La infraestructura discursiva que apoya la política es igualmente autosostenible. La curva de LafferTeoría económica que propone que reducir las tasas impositivas puede aumentar los ingresos fiscales totales al estimular el crecimiento económico, aunque la evidencia empírica es mixta., que postula que los recortes fiscales generan crecimiento suficiente para aumentar ingresos netos, fue invocada 425 veces en debates del Congreso entre finales de los años 1970 y 2010.[s] La persistencia de este dispositivo de encuadre a pesar de refutación empírica consistente sugiere que su función es retórica en lugar de analítica: proporciona cobertura legislativa para una política cuya justificación real es alineación de donantes.

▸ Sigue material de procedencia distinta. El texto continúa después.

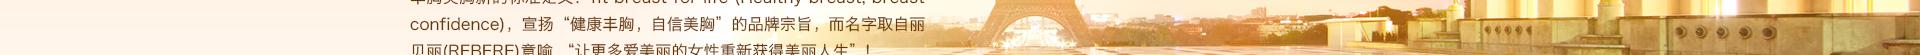 """源于绿色出自精品 丽贝丽丰胸""""大""""不同 天然丰胸 恒久稳固 尽享傲人性感 丰润嫩白坚挺饱满 提升胸位增大丰满"""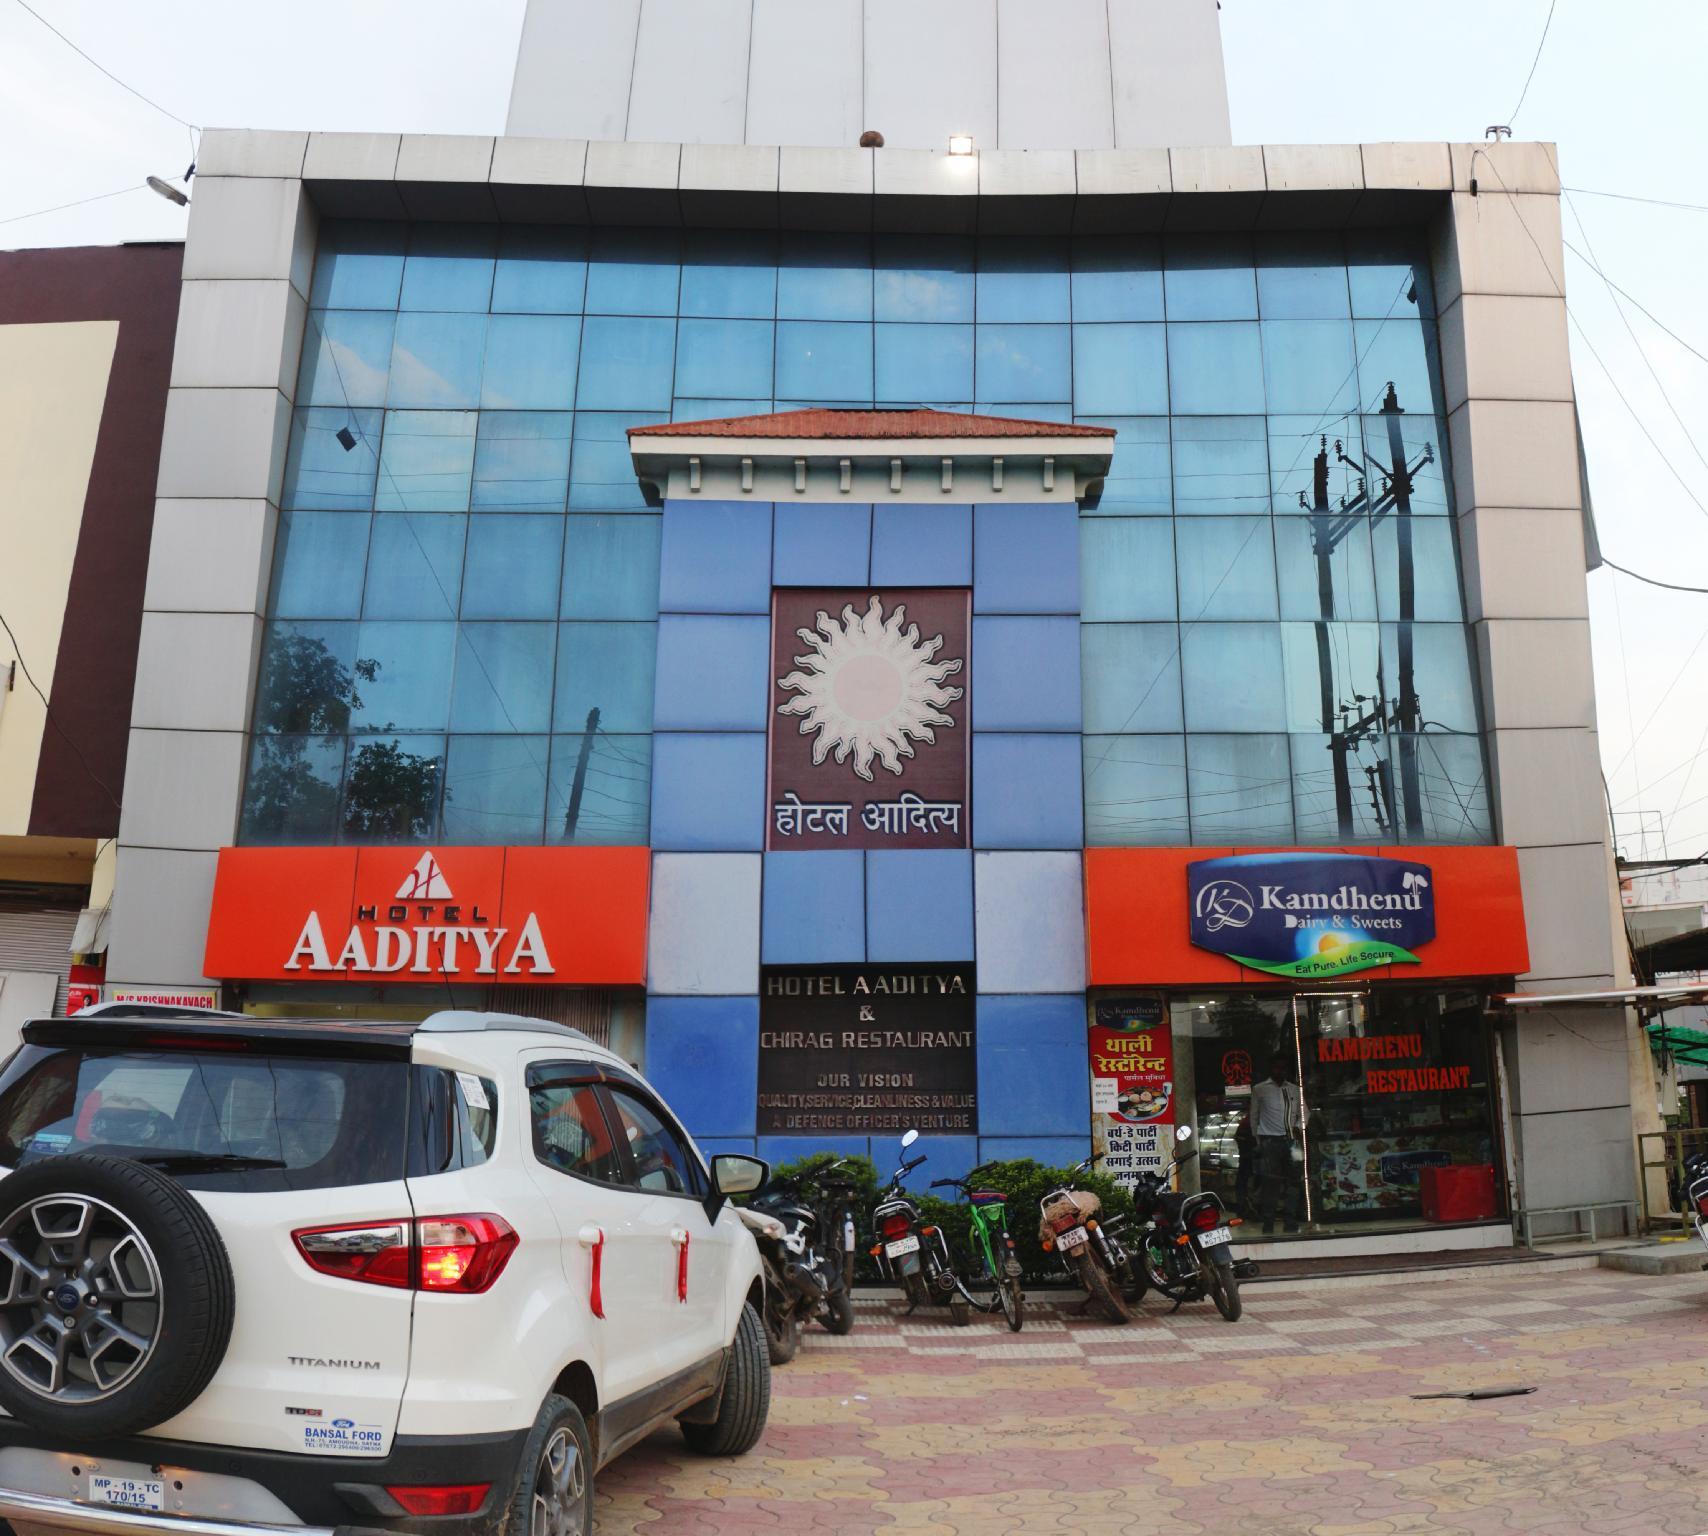 Hotel Aaditya

Condiciones estructurales para cambio de política

La literatura del fracaso de la economía de goteo identifica una asimetría clara: el caso probatorio contra la política es abrumador, pero la economía política que la sustenta permanece intacta. Reforma de financiamiento de campaña, financiamiento público de elecciones, o restricciones significativas al gasto político por beneficiarios directos de política fiscal alterarían el ciclo de retroalimentación. Sin tales cambios estructurales, el récord empírico continuará creciendo mientras el marco político permanece sin perturbación. El fracaso no es de evidencia sino de transmisión: el mecanismo por el cual se supone que la evidencia influencia política ha sido capturado por los intereses que la política sirve.

Como el mismo Hope notó: “El caso económico para mantener impuestos sobre ricos bajos es débil.”[s] El caso político, medido en dólares de donantes, permanece fuerte. Esa brecha es toda la historia.